I cannot find it in my own heart to disagree. ”

“And a vital piece of you perished too,” whispered Rollo. He hugged Lyndon close, every bit of him clinging, as if he would crawl inside if he could.

Lyndon huffed a humourless laugh. “Or lies at the bottom of that damned lake. And I have spent the last decade searching for something to fill the hole it left.”

Perhaps, in this funny, wise, sweet young man, he’d found it.

He stroked Rollo’s hair, planting kisses to the top of his head, his forehead, his eyelids, working his way down until he sought out Rollo’s slack, pliant mouth.

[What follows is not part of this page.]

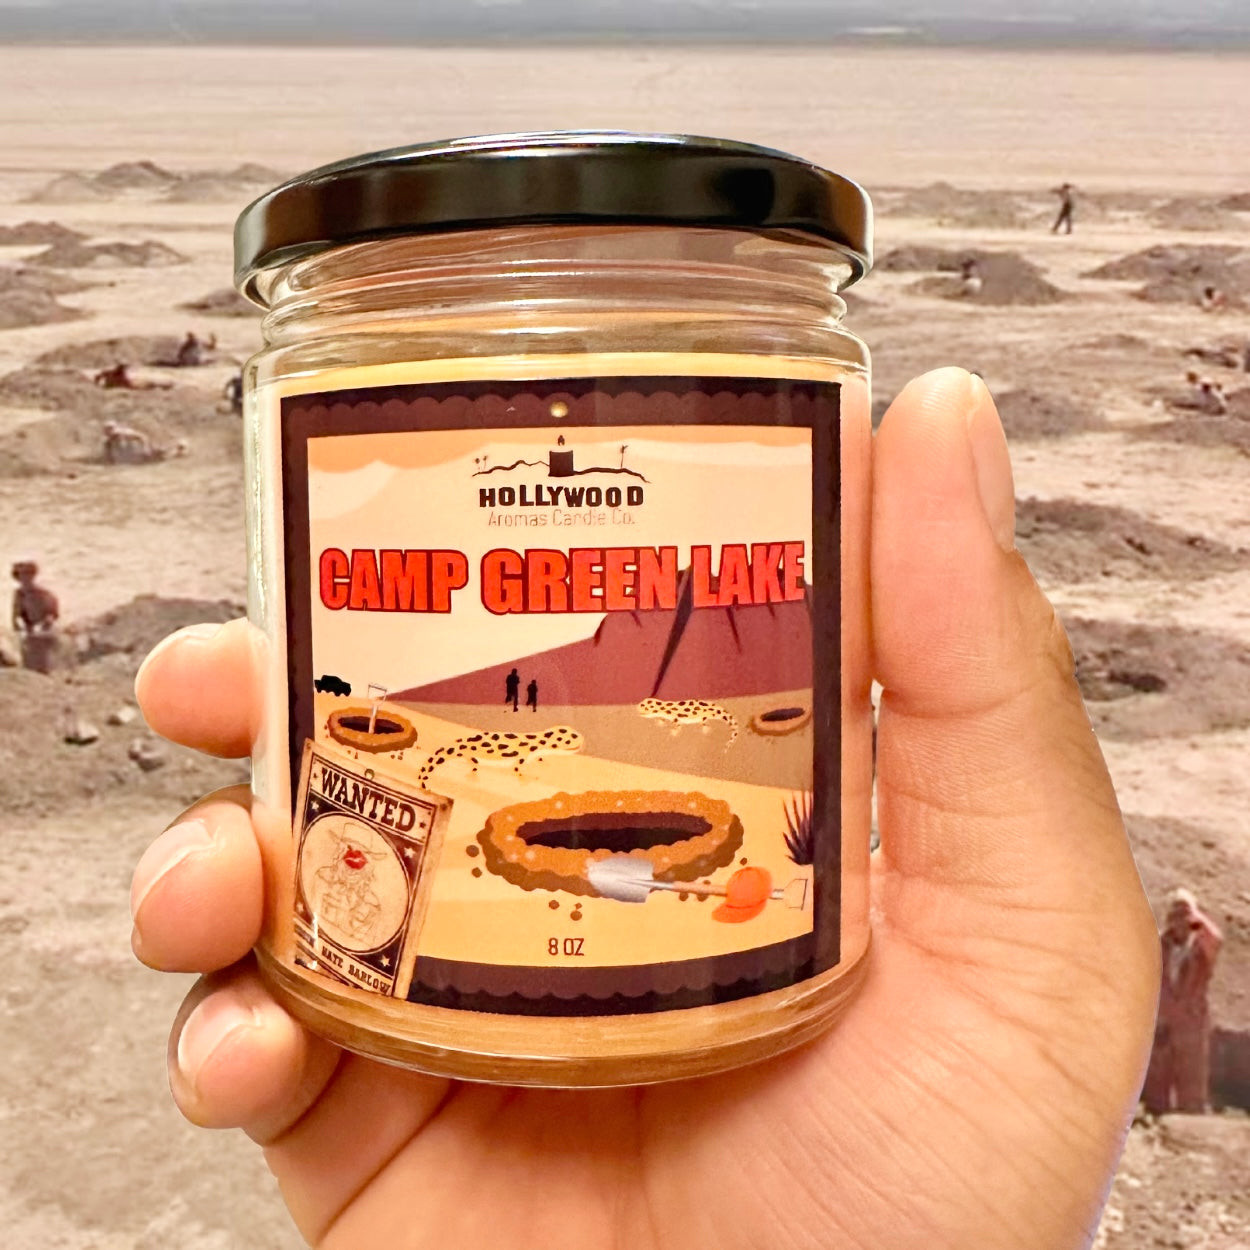 Holes Candle “Camp Green Lake” – Hollywood Aromas Candle Co.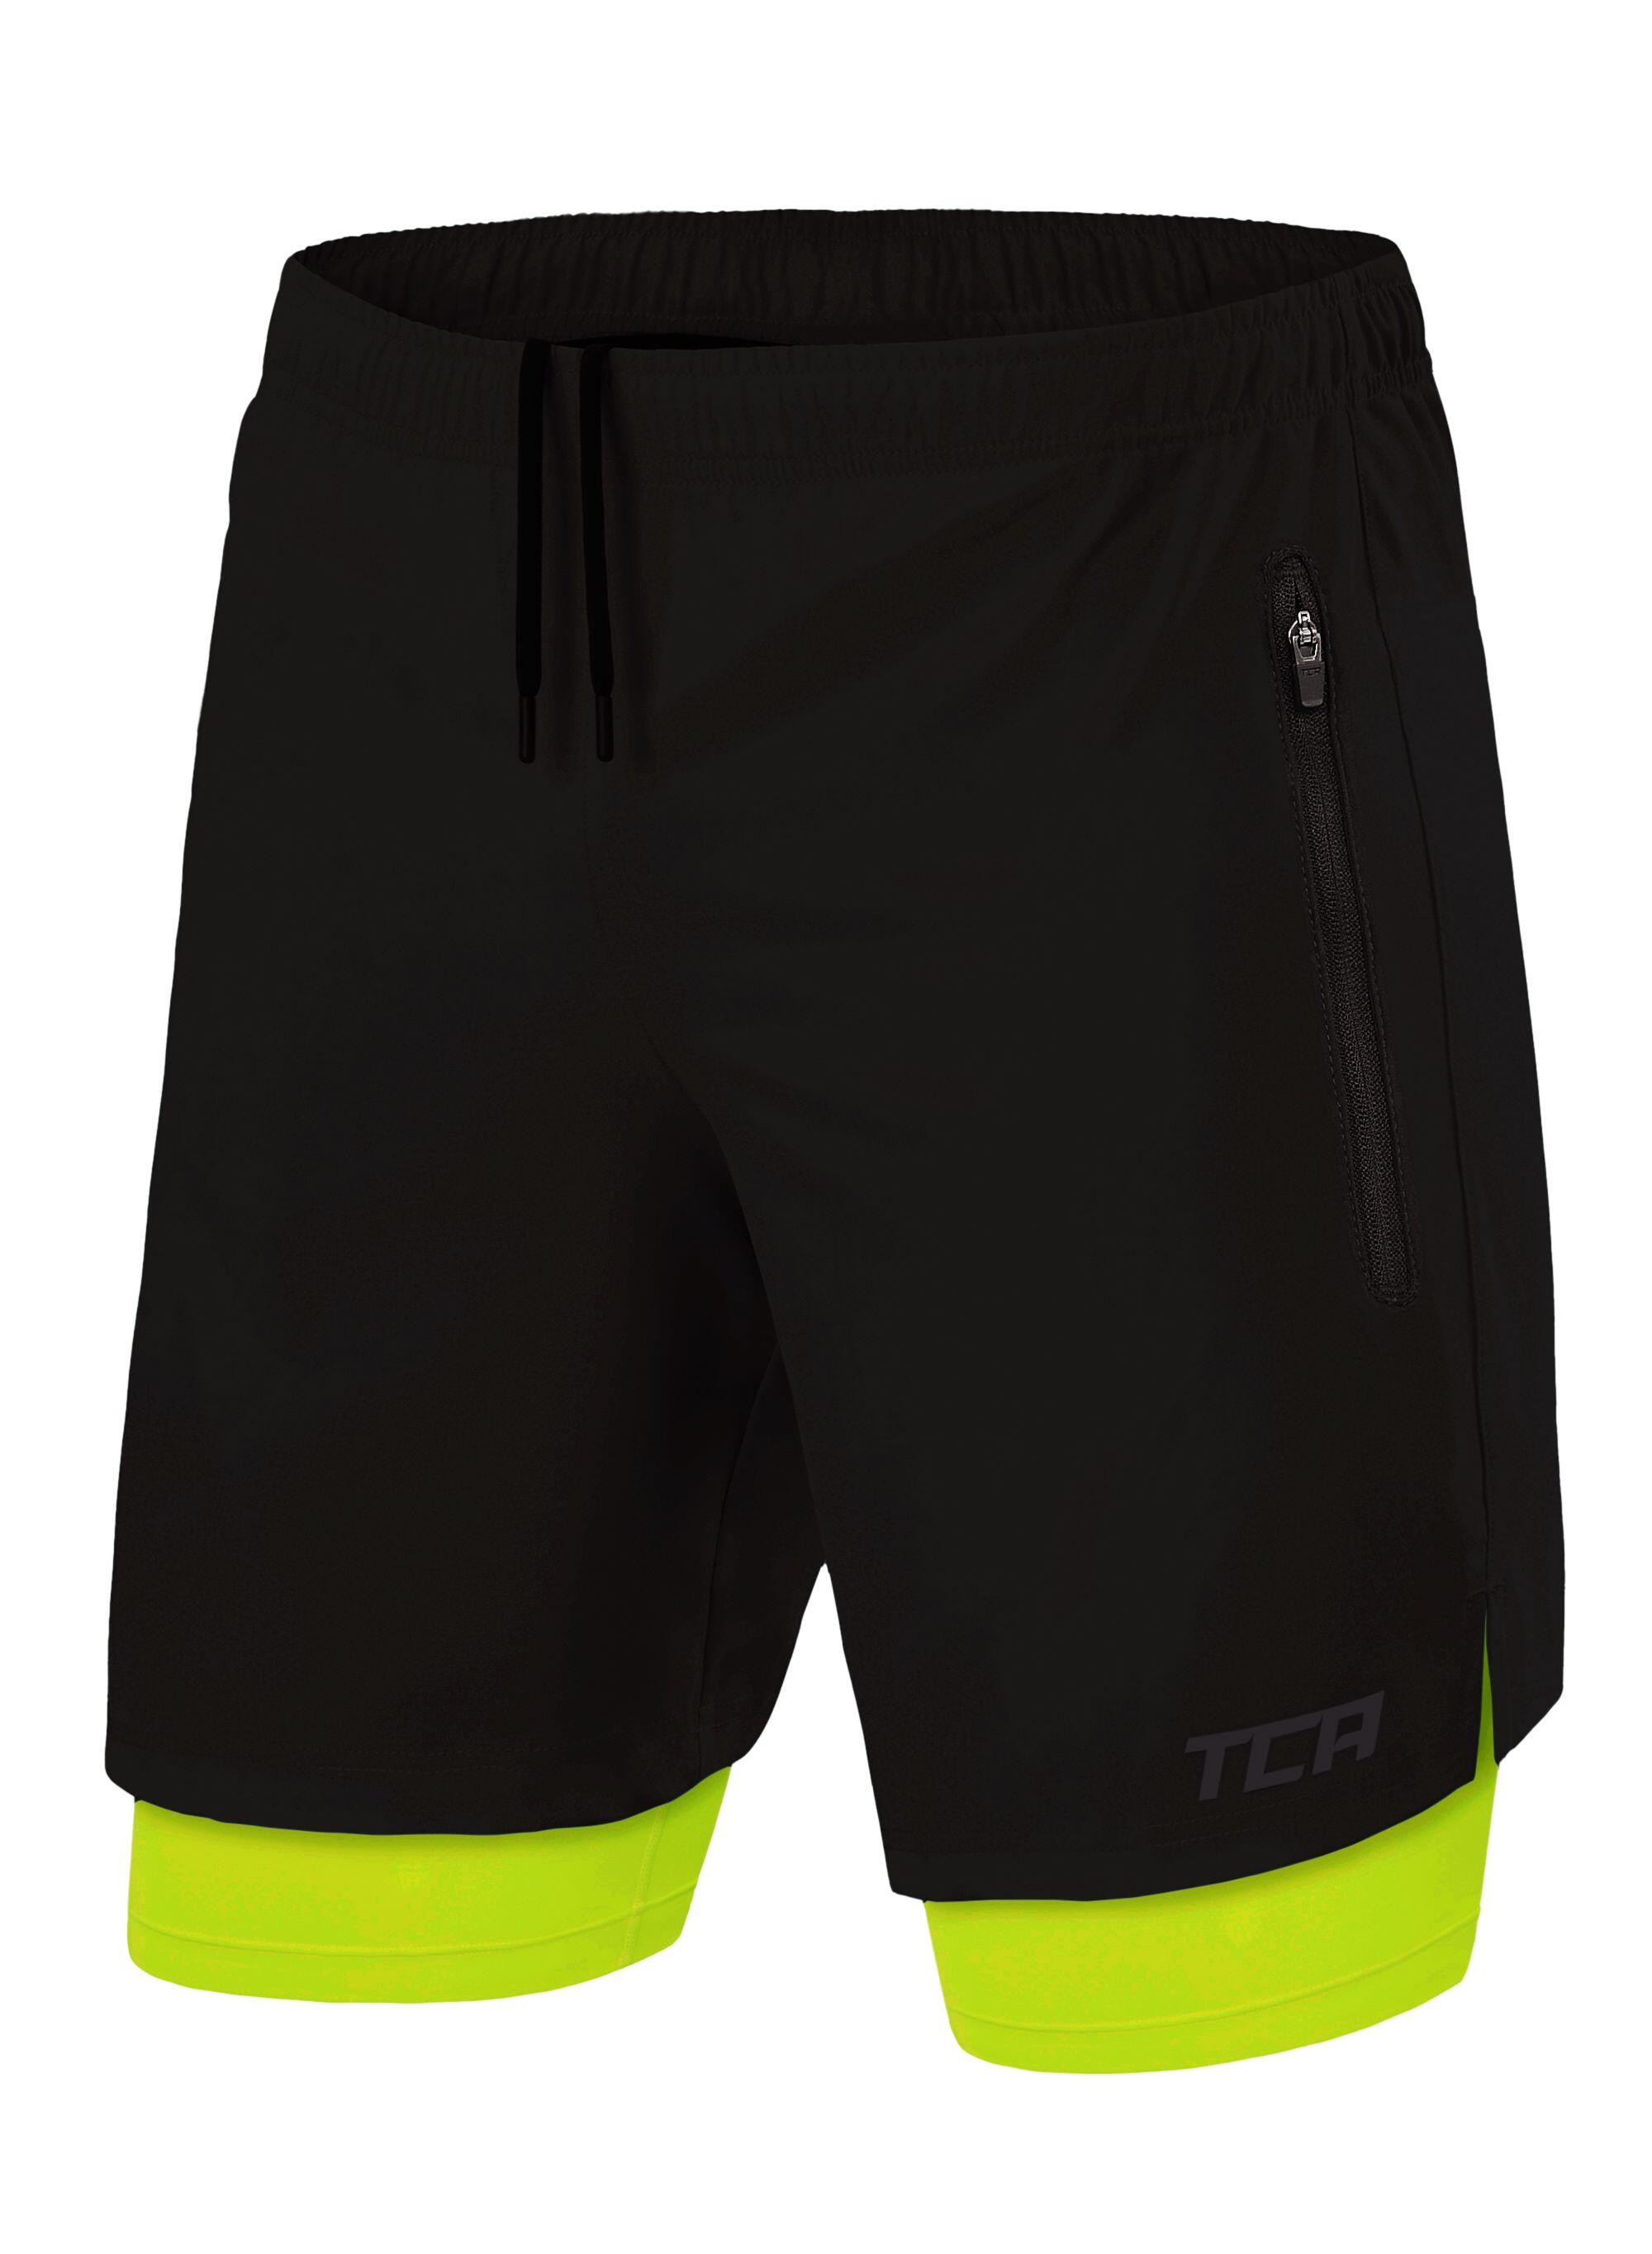 Men's Ultra 2-in-1 Running Shorts with Zip Pockets - Black/Lime Punch 1/5

Rolling him onto his back, Lyndon blanketed his lithe body with his own, captured by a sudden need to touch his lips to every living, breathing part of him.

Raw, carnal, lust took over as his mouth trailed a path down Rollo’s soft belly.

All thoughts of the past fled. There would be no ghosts in this bed.

Not tonight. No “what could have beens,” no “if onlys.” Just two men, together as one.

And for the first time in a long while, that was enough.